In vitro and in vivo lipolysis of plasma triglycerides increases the resistance to oxidative modification of low-density lipoproteins.

BACKGROUND: The majority of studies on low-density lipoprotein (LDL) particle size and susceptibility to oxidative modification have been either descriptive or interventional, but there are few mechanistic studies. MATERIALS AND METHODS: Effects of exhaustive in vitro and in vivo lipolysis of serum and plasma triglycerides, respectively, by lipoprotein lipase (LPL) were investigated in healthy normotriglyceridemic men. The LDL end-product of lipolysis of very low-density lipoprotein (VLDL) underwent compositional analysis, gradient gel electrophoresis and an assessment of resistance to copper-induced oxidative modification.
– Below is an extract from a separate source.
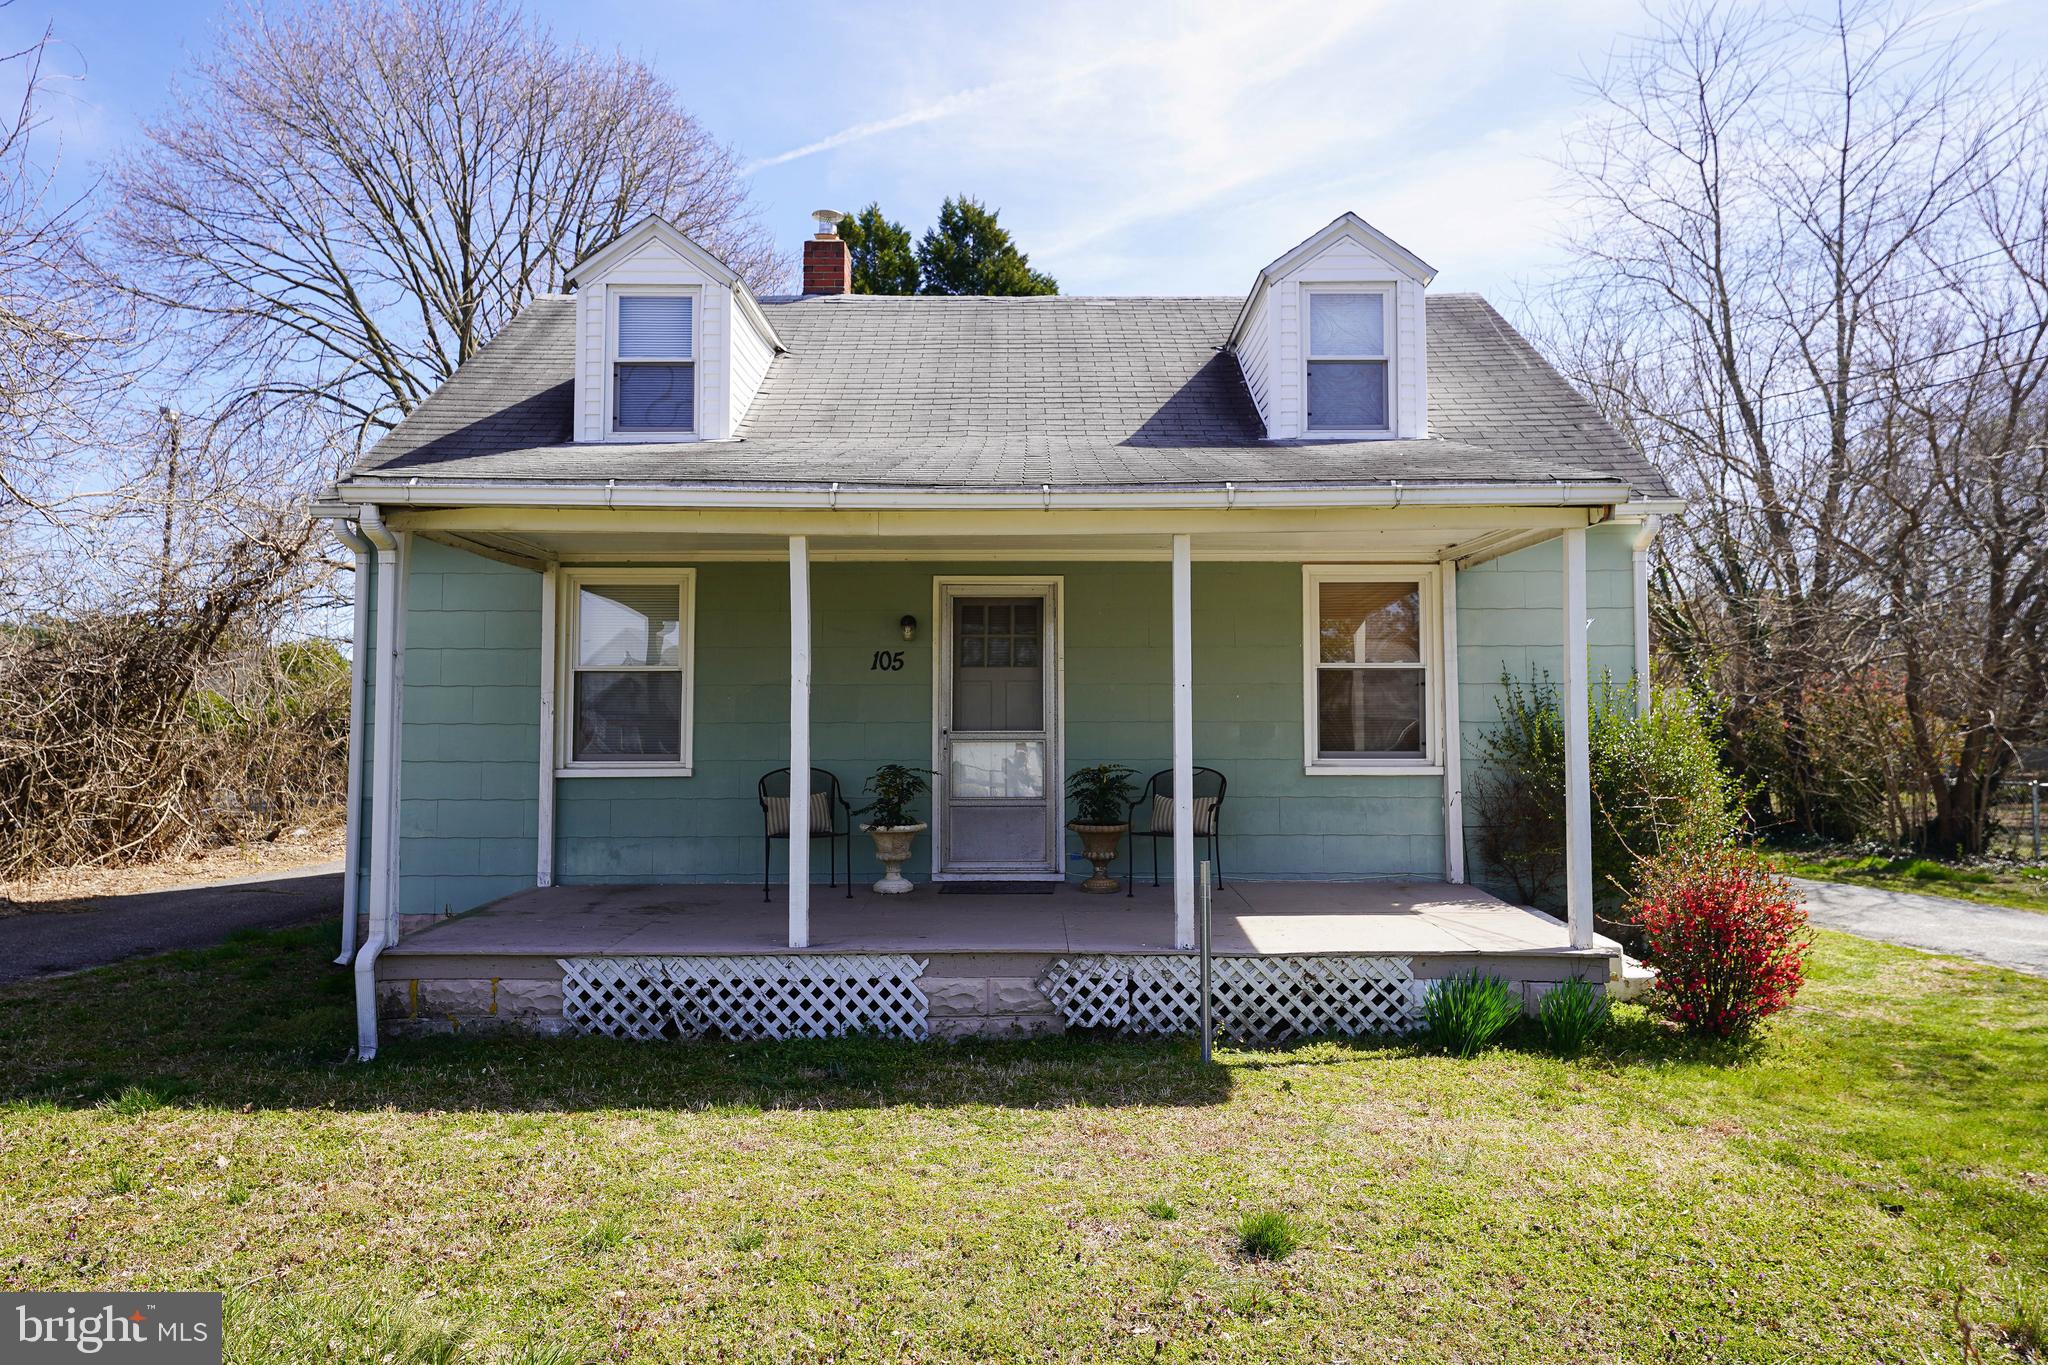 Cute and affordable 4BR/1BA Cape on Salisbury's east-side. Only 30mi to Ocean City and close to ever

RESULTS: The LDL particle contents of free fatty acid and alpha-tocopherol increased, whereas the contents of free and esterified cholesterol, alpha-carotene and coenzyme Q10 decreased upon incubation of serum with LPL in vitro. The LDL particle size decreased and the resistance to the oxidative modification of LDL increased. Lipolysis of plasma triglycerides in vivo, achieved by intravenous injection of heparin, did not alter the LDL particle size but increased the resistance to the oxidative modification of LDL. This change was accompanied by an increase in the LDL particle content of alpha-tocopherol, whereas the free fatty acid content was unaltered. CONCLUSIONS: The results show that the increased resistance to oxidative modification of LDL after lipolysis of plasma triglycerides was concomitant with an increased LDL particle content of alpha-tocopherol, and that free fatty acids did not seem to contribute to the increased resistance to oxidative modification of LDL in vivo. Furthermore, our data indicate that the resistance of LDL to oxidative modification is not dependent on particle size.